Residents gathered in the streets in a state of fear and panic. They were unable to flee because of the blockade from every side," the report posted on activist Web sites said.
Syrian state television said there had been fighting in Tremseh and accused "armed terrorist groups" of committing a massacre there, but gave no death toll. It said three soldiers had been killed.
If confirmed, this could be the worst atrocity in 16 months of fighting between rebels and the forces of President Bashar al-Assad.
ACCOUNTS VARY
Activists said the killing took place on Thursday, as the UN Security Council began negotiating a potentially crucial new resolution on Syria. Washington said it showed the need to move to tougher action, but Russia again ruled out such a step.

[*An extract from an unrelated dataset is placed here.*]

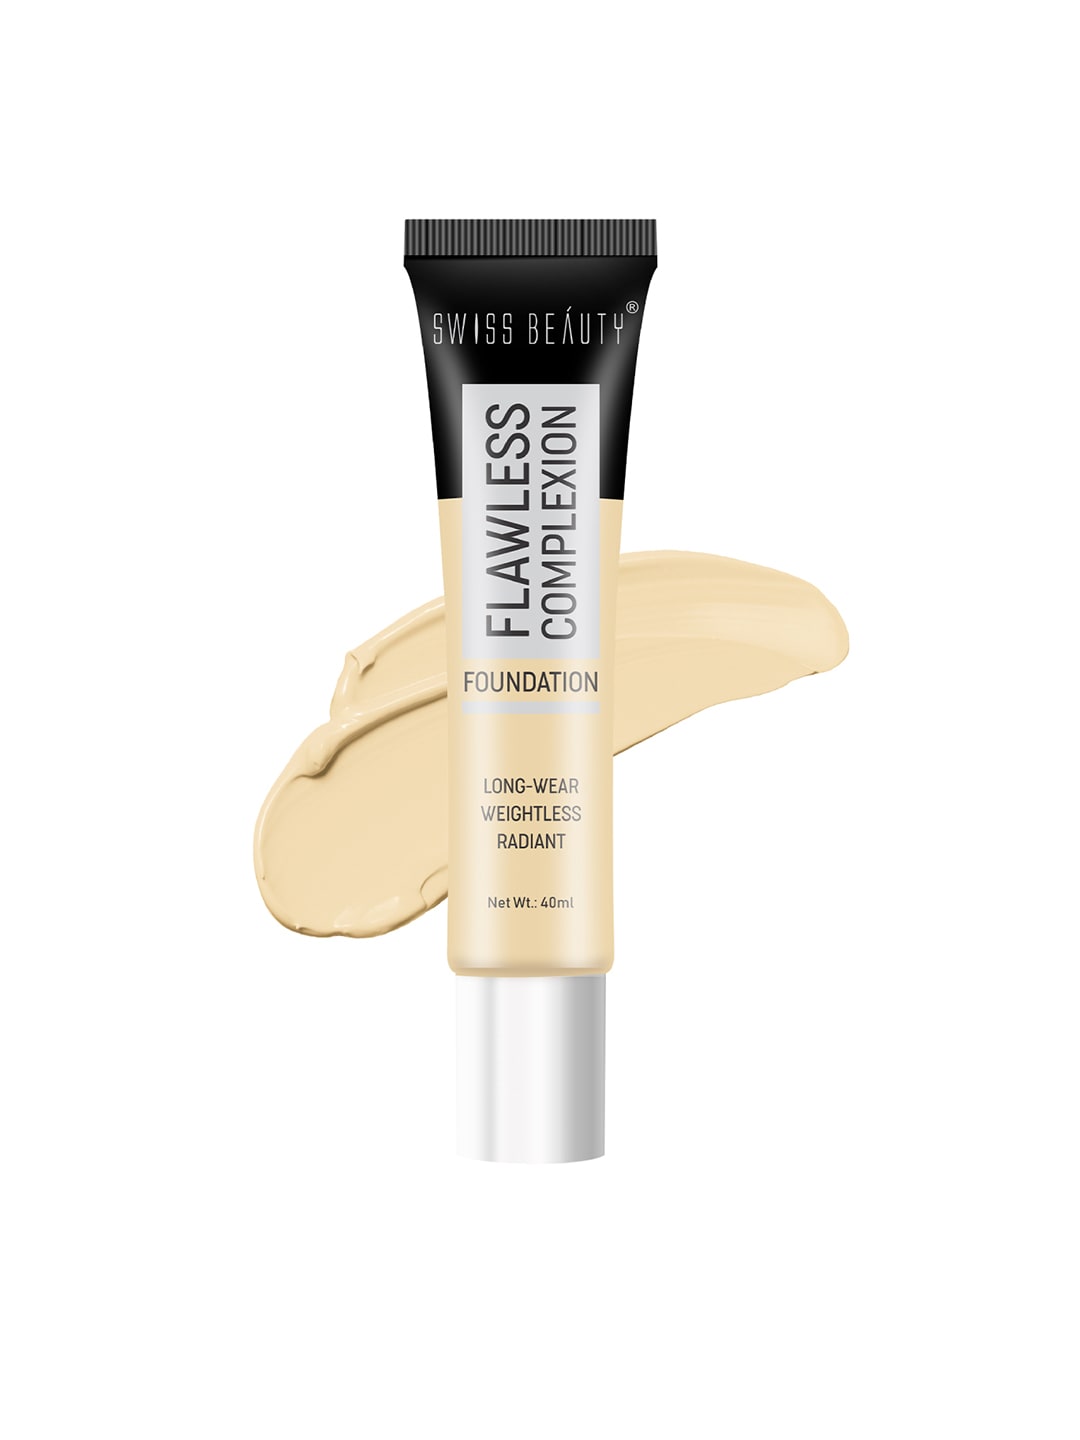 SWISS BEAUTY Flawless Complexion Foundation - Ivory Fair Price in India

"More than 220 people fell today in Tremseh. They died from bombardment by tanks and helicopters, artillery shelling and summary executions," the Revolution Leadership Council of Hama said in a statement.
The Sunni Muslim village, surrounded by farmland near the Orontes River, was first shelled then invaded by pro-government Alawite militiamen who swept in and killed victims one by one. Some civilians were killed while trying to flee, it said.
Armed Assad loyalists known as Shabbiha have been accused repeatedly of cold-blooded indiscriminate killings carried out on the coattails of army offensives into rebel-held districts.
Another activist organisation, the Syrian Observatory for Human Rights, said over 160 people were killed on Thursday in Hama province, most of them in a massacre in Tremseh.
Most of Assad's political and military establishment are minority Alawites, who form a branch of Shia Islam. The revolt and the fighters behind it, and the street protesters who launched the revolt in March 2011, are mostly Sunni Muslims.
The insurgents cannot match the Syrian army's firepower but they have established footholds in villages, towns and even cities across Syria, coming under attack from Assad's forces to respond fiercely with helicopter gunships and artillery.
World powers are deadlocked over how to halt the bloodshed, with Russia and China opposed to Western and Arab calls for Assad to step down immediately.